I built my Data Agent from scratch — no LangChain, no LlamaIndex, just direct API calls and custom state management. It works, but it made me wonder: what am I missing? What do frameworks actually provide beyond abstraction overhead? Here's what I learned comparing my custom implementation to LangChain, LlamaIndex, CrewAI, and AutoGen.

The Custom Approach: State Management by Hand

My Data Agent is a WebSocket-based SQL assistant that generates queries step-by-step. The user approves each step before execution — with manual state management, string concatenation for context, and raw JSON parsing.
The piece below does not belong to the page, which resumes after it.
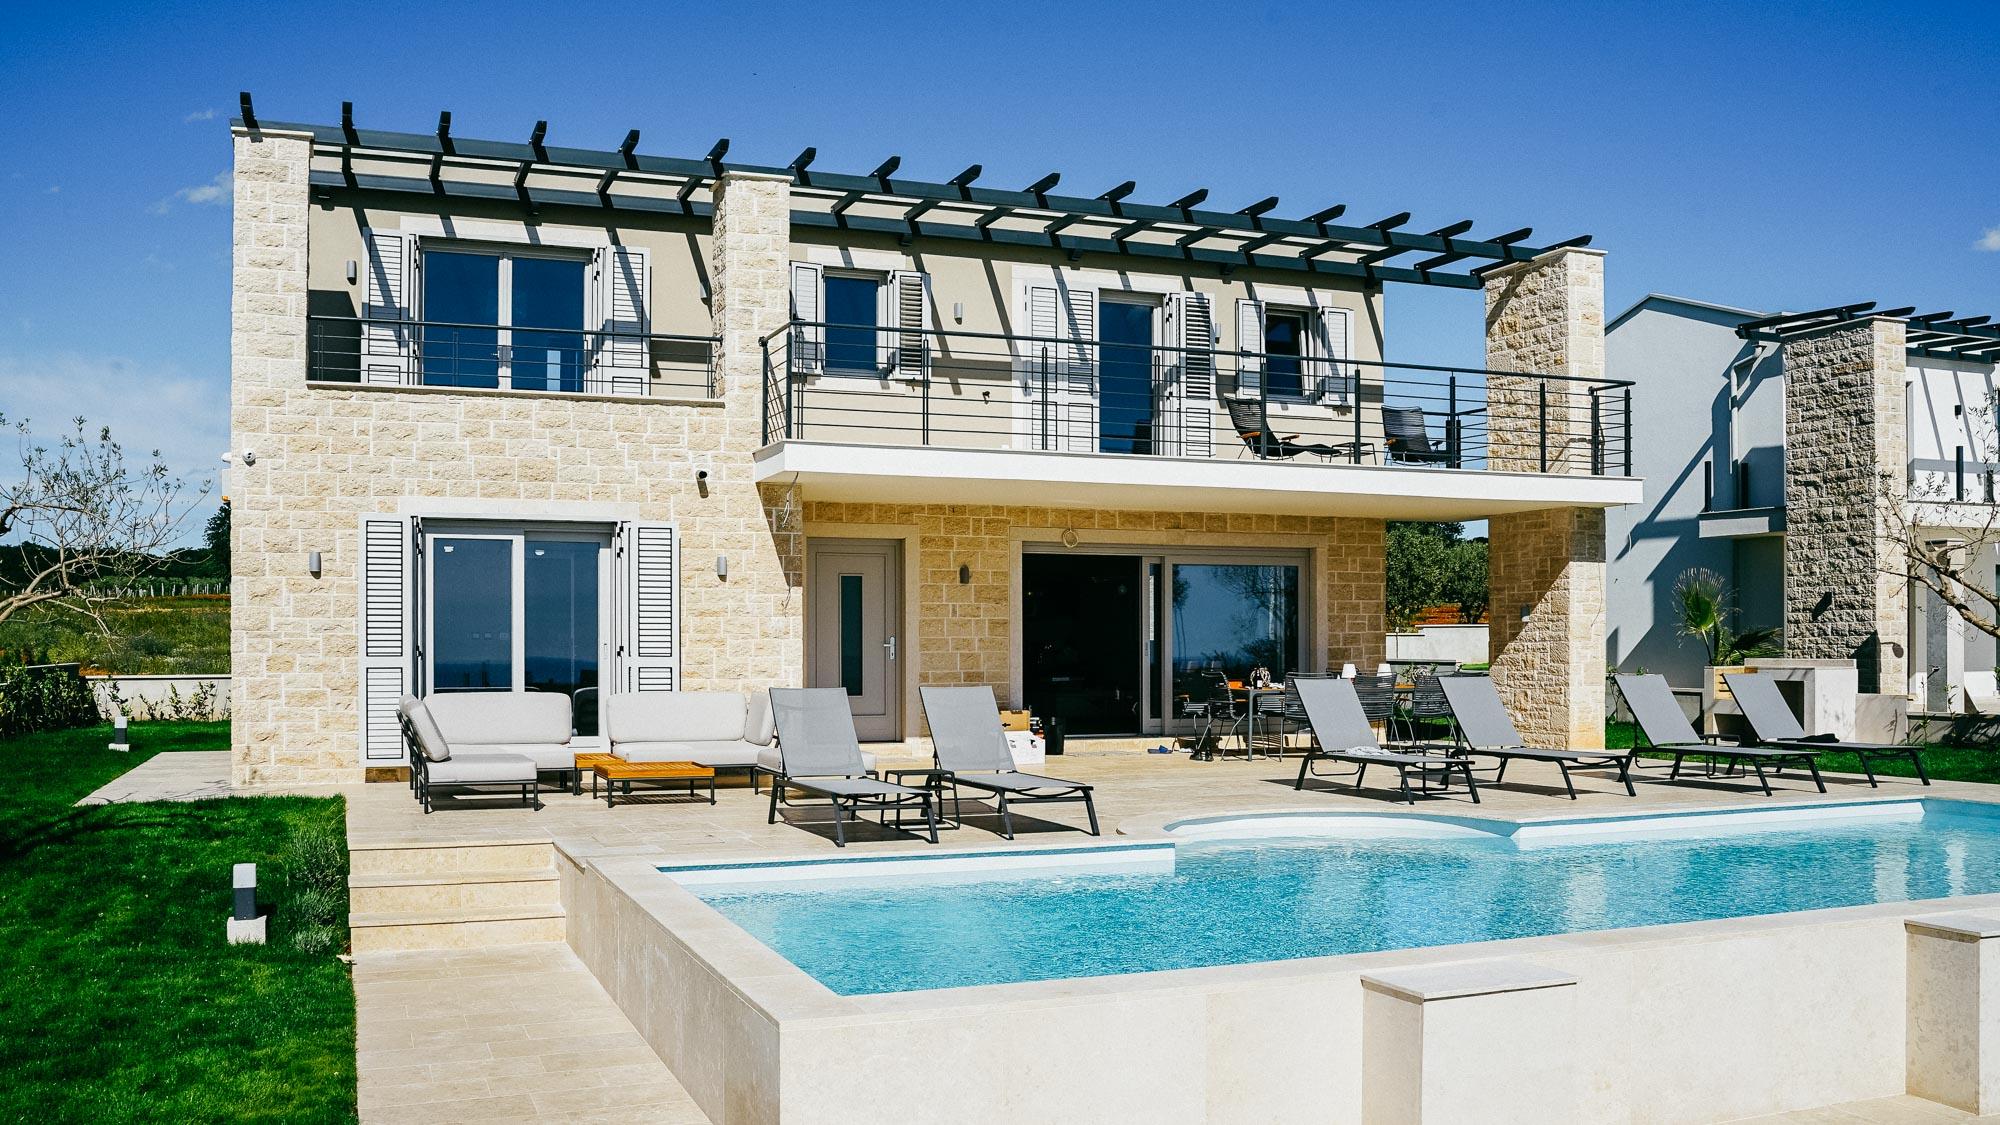 villa-flamingo-istrien-kroatien-yohome-lifestyle-vacation-slide-villa-4
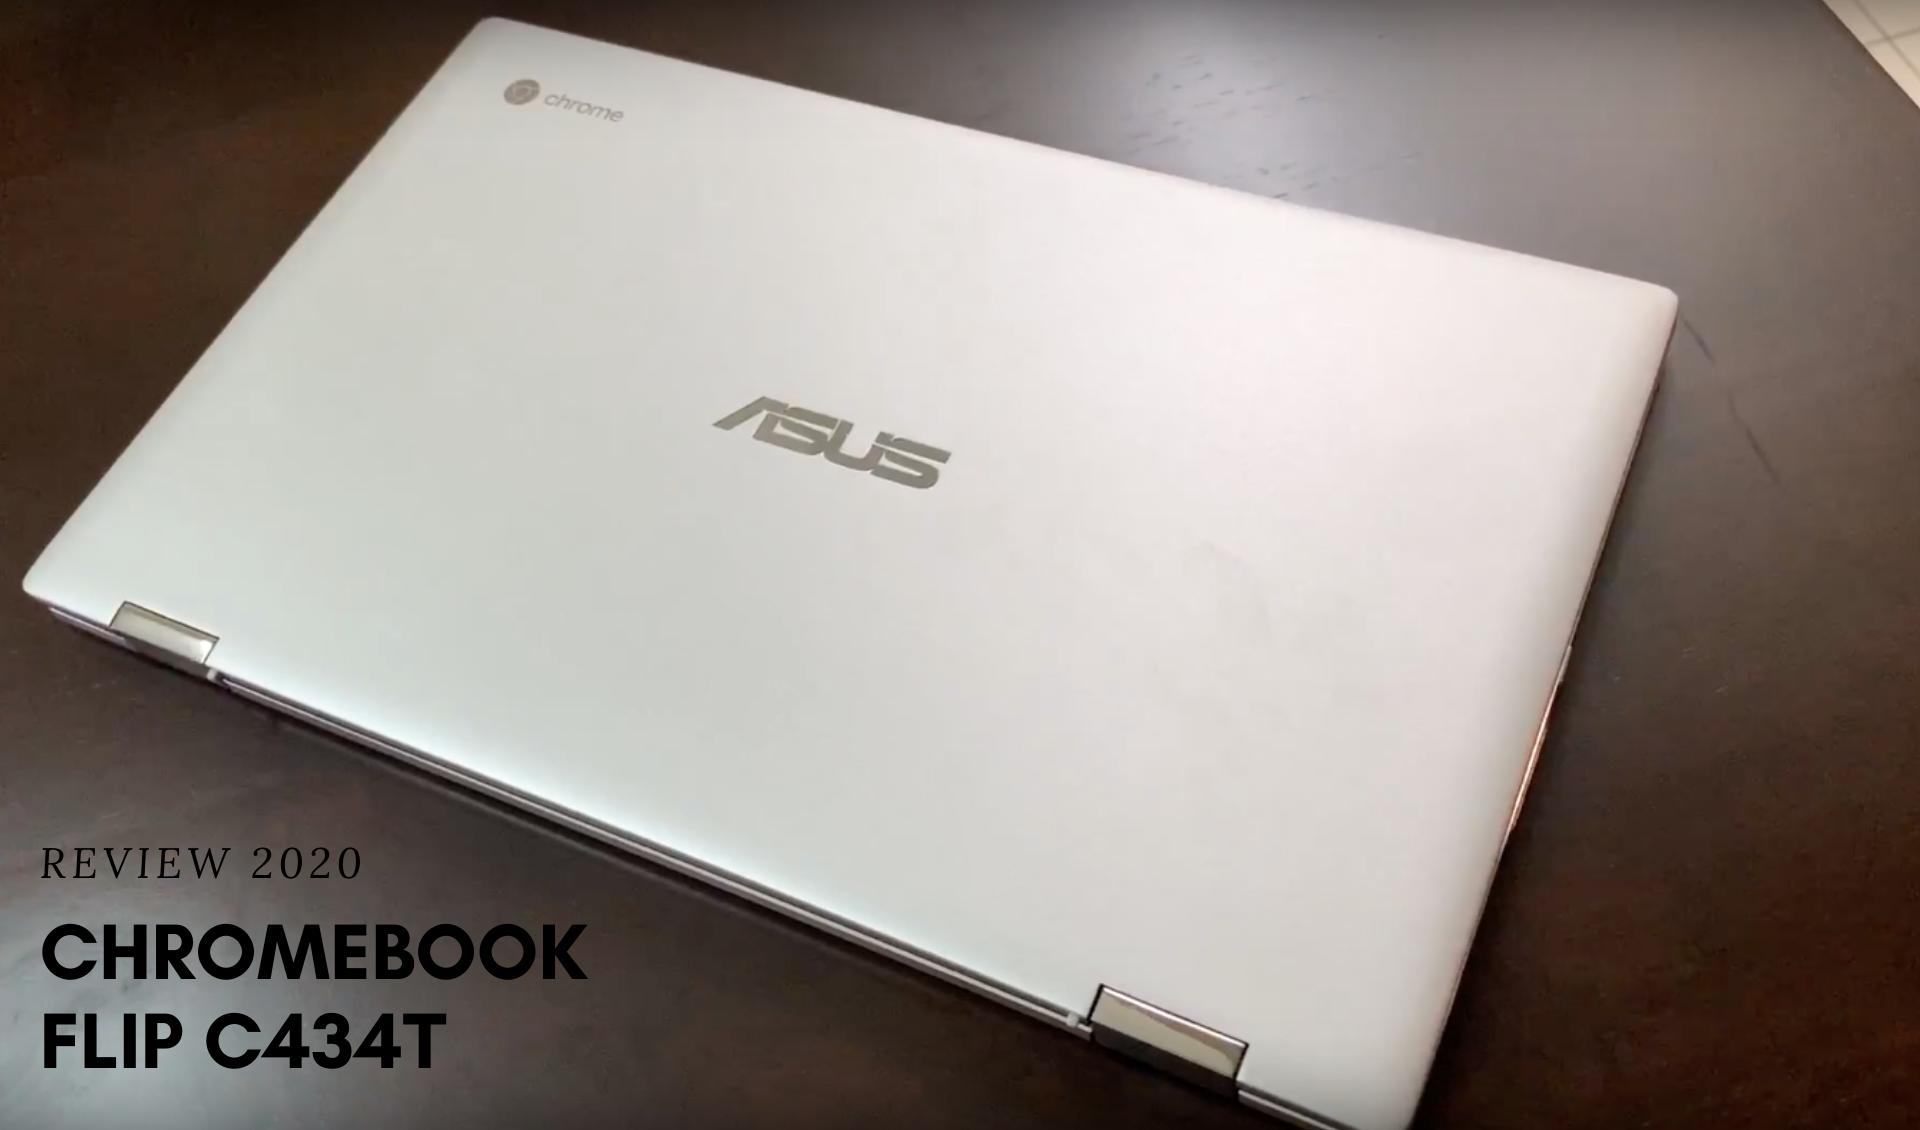 Review Chromebook

This works, but notice what I'm doing manually:

String concatenation for conversation context
JSON parsing (fails if LLM returns markdown)
State stored in instance variables (lost on disconnect)
No token counting or context window management
No automatic retry logic or error recovery
No caching or memory persistence

Every one of these is a source of bugs and maintenance burden. Let's see what frameworks solve.

Framework 1: LangChain

Best for: General-purpose agents with tool calling

Key Features

Structured Memory: Automatically formats conversation as [HumanMessage(...), AIMessage(...), ToolMessage(...)] instead of string concatenation
Built-in Tools: SQL database, search, calculators, custom functions — all with type validation via Pydantic
Token Counting: Knows when context is too long, can auto-trim old messages
Streaming Support: Works with WebSocket streaming out of the box
Huge Ecosystem: 100+ integrations (Redis for persistence, Pinecone for vectors, etc.)

The Tradeoffs

Pros	Cons
Structured memory (no string concatenation)	Heavy abstractions (harder to debug)
Pydantic validation for tool calls	Frequent breaking changes (v0.1 → v0.2)
Auto context window management	Opinionated (hard to customize agent loop)
Massive ecosystem	Overhead for simple tasks

When to Use LangChain

LangChain shines when you need:

Multiple tools (search + SQL + custom functions)
Different LLM providers with swappable backends
Complex chains (retrieve docs → summarize → answer)
Pre-built integrations (Redis memory, Pinecone vectors)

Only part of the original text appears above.